=== Supplied entries ===
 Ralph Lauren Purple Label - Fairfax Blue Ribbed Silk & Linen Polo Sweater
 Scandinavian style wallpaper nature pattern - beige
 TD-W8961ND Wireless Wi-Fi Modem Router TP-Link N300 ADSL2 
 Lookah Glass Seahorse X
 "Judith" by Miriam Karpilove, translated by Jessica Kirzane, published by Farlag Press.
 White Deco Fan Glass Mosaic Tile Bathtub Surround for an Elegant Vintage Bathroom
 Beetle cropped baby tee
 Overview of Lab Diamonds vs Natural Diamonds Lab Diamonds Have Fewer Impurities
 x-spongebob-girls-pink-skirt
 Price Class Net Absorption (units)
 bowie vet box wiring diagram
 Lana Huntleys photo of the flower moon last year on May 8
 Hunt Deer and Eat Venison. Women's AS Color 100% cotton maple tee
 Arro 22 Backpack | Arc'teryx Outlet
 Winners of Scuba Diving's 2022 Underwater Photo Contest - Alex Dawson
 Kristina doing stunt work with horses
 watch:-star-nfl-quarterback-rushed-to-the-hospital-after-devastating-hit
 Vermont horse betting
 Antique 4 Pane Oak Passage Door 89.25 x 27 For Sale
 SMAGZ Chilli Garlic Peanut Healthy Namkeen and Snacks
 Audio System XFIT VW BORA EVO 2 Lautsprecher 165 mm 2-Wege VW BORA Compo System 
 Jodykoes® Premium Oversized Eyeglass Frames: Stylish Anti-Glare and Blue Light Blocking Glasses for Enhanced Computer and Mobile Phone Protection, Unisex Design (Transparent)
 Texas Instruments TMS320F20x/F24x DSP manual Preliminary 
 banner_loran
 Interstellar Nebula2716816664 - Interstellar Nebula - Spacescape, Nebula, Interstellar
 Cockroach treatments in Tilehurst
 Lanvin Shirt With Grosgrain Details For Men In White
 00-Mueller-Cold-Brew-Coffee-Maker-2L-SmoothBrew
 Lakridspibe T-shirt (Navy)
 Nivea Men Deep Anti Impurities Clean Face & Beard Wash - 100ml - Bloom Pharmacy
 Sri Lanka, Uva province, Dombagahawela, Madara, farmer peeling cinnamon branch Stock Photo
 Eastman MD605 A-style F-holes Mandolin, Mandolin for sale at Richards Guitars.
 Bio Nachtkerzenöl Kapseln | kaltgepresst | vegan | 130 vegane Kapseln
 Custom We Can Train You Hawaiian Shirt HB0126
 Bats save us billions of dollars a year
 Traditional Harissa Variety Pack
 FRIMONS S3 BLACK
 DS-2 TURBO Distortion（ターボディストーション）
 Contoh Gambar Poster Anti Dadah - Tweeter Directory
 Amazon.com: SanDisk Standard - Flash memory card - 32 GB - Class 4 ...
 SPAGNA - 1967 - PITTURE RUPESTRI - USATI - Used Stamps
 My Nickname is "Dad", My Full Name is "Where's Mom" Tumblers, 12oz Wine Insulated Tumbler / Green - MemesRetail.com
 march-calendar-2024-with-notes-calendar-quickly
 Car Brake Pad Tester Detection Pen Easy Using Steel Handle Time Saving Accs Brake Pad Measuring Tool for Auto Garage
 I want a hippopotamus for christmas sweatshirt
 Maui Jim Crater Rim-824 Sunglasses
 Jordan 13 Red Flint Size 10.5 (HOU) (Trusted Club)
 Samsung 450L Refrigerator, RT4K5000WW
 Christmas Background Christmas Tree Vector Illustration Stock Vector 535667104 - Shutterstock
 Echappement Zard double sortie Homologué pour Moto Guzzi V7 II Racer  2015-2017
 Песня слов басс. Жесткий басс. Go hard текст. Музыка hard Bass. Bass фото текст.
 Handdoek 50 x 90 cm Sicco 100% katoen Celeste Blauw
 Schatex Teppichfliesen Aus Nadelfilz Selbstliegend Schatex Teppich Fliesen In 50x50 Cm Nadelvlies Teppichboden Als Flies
===
## The task
Find the lines above that contain the word "year" and copy each one.

## Task result
 Lana Huntleys photo of the flower moon last year on May 8
 Bats save us billions of dollars a year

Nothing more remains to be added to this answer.